Branches of Accounting

The main branches of accounting are:

  1. Financial Accounting: Financial accounting is a branch of accounting that deals with the recording, summarizing, and reporting of financial transactions related to a business. This involves the preparation of financial statements such as  balance sheet, income statement, cash flow statement. The main purpose of financial accounting is to provide information about a company’s financial performance and position to external stakeholders, such as investors, creditors, and government agencies.
  2. Managerial Accounting: Managerial Accounting is also known as Cost Accounting, This branch is concerned with providing internal information to the management of an organization. It involves analyzing financial data to aid in decision-making, planning, budgeting, and performance evaluation. Managerial accountants help managers make informed business decisions to improve efficiency and profitability.

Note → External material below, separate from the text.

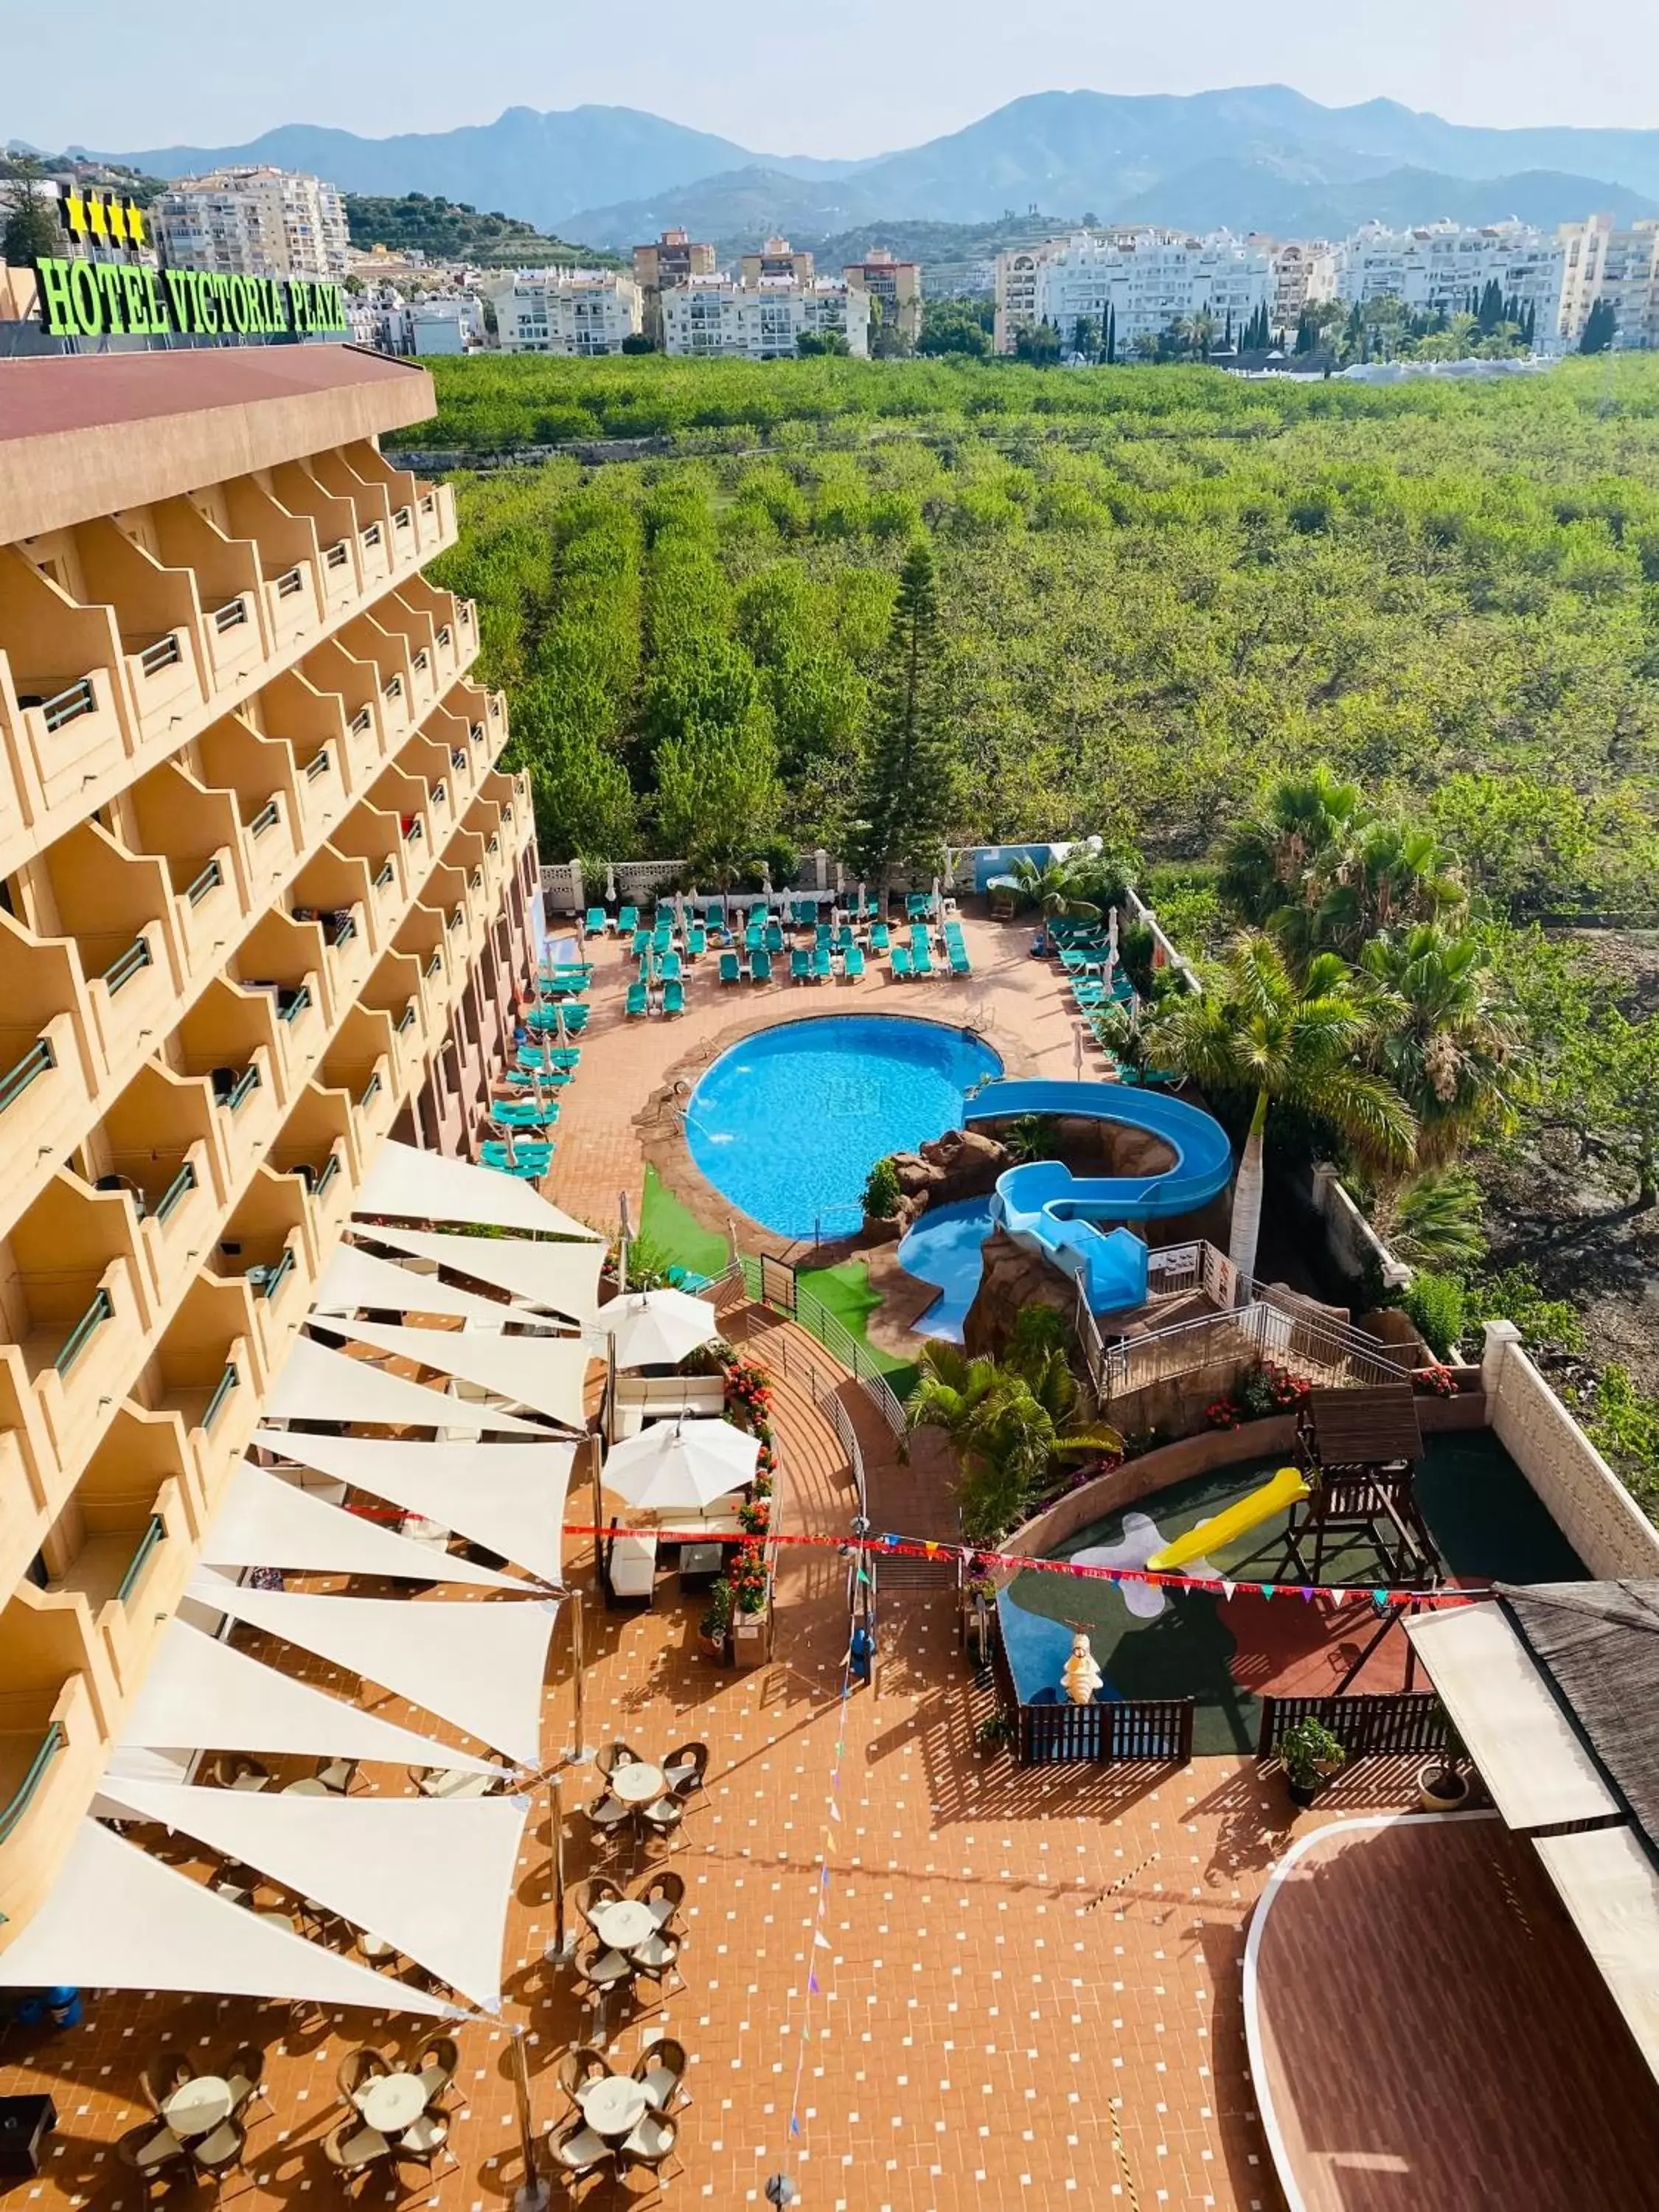 Pool view in Hotel Victoria Playa

  3. Tax Accounting: Tax accounting is a branch of accounting that focuses on the preparation of tax returns and tax payments. It is used by individuals, businesses, corporations, and other entities. Some of the key areas of tax accounting include: Tax planning, Tax compliance, Tax preparation and Tax research.
  4. Forensic Accounting: Forensic accounting is a specialized area of accounting that focuses on investigating financial crimes and fraud. Forensic accountants use their knowledge of accounting, auditing, and investigative techniques to gather evidence and identify financial irregularities.
  5. Social and Environmental Accounting: Social and environmental accounting (SEA) is a type of accounting that measures the social and environmental impacts of an organization. It is used to track the organization’s performance in areas such as sustainability, ethics, and social responsibility. It can help organizations to identify and manage their social and environmental risks, and to improve their overall performance.